Exercise requirements: Please restate, word for word, the lines below that begin at the one with "مصر.. انهيار مبنى" and end at the one with "Bosch Tassimo ontkalkingstabletten-1". Leave out all other lines.

Record set:
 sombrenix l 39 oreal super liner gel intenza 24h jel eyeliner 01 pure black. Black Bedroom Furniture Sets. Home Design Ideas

...

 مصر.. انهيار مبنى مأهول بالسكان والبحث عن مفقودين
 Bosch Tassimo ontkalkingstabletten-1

...

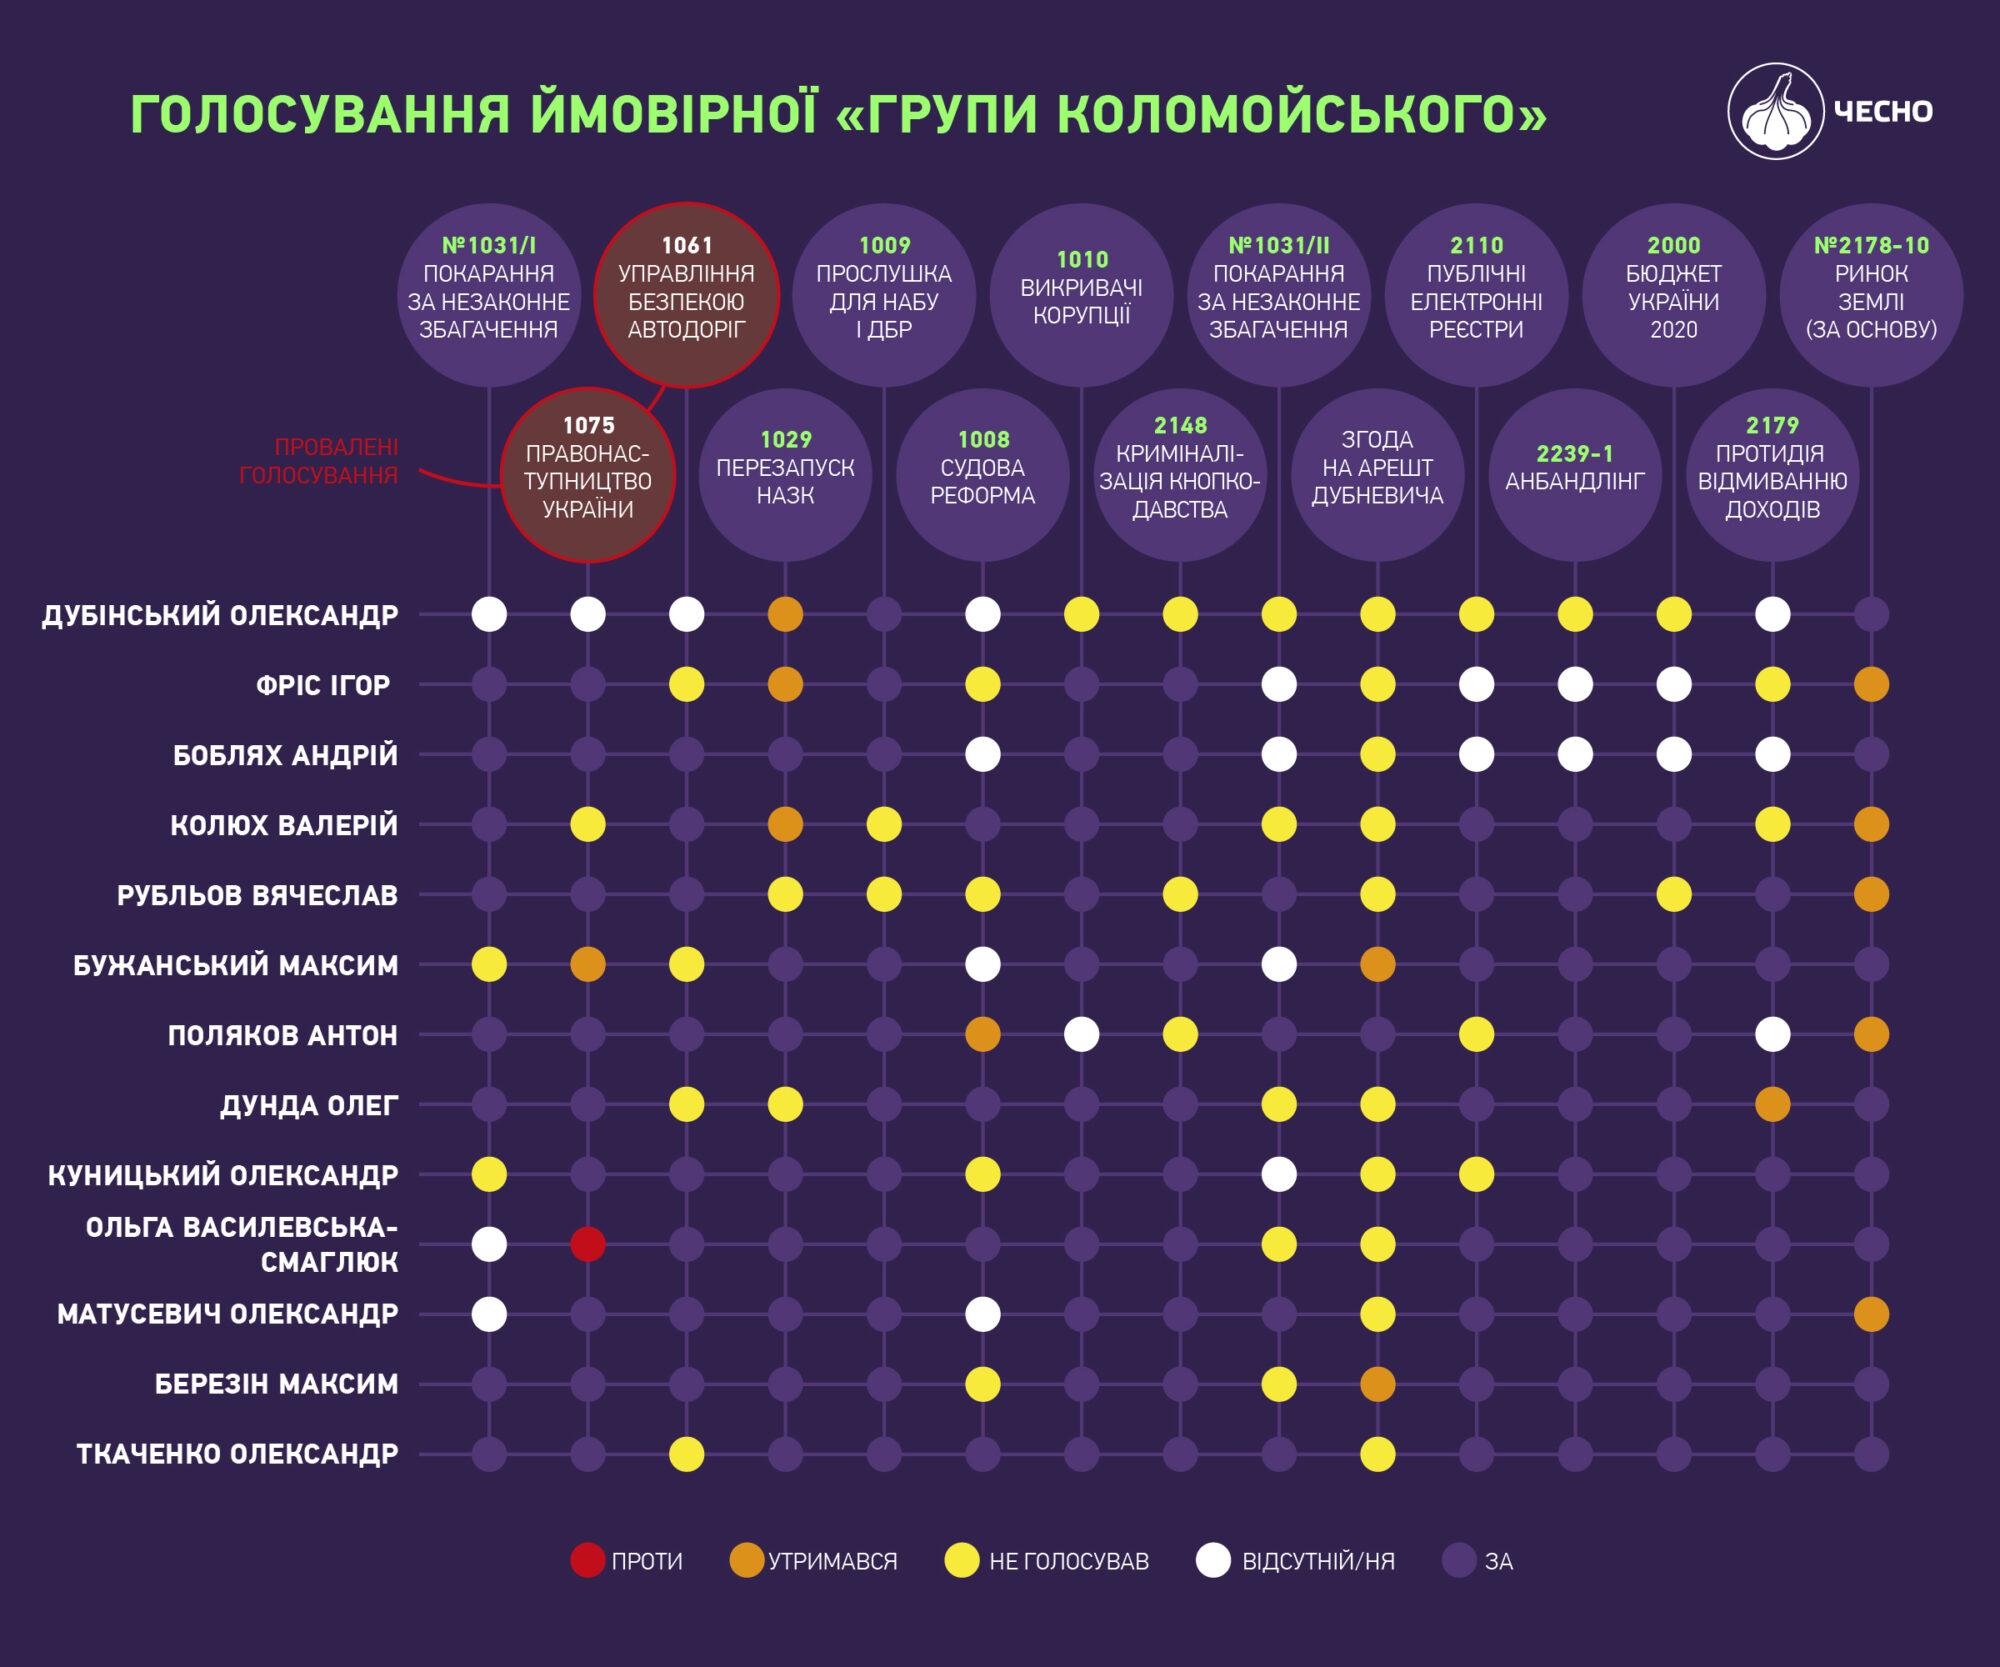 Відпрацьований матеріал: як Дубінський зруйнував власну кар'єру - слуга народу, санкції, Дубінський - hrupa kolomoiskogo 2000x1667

Written response:
 مصر.. انهيار مبنى مأهول بالسكان والبحث عن مفقودين
 Bosch Tassimo ontkalkingstabletten-1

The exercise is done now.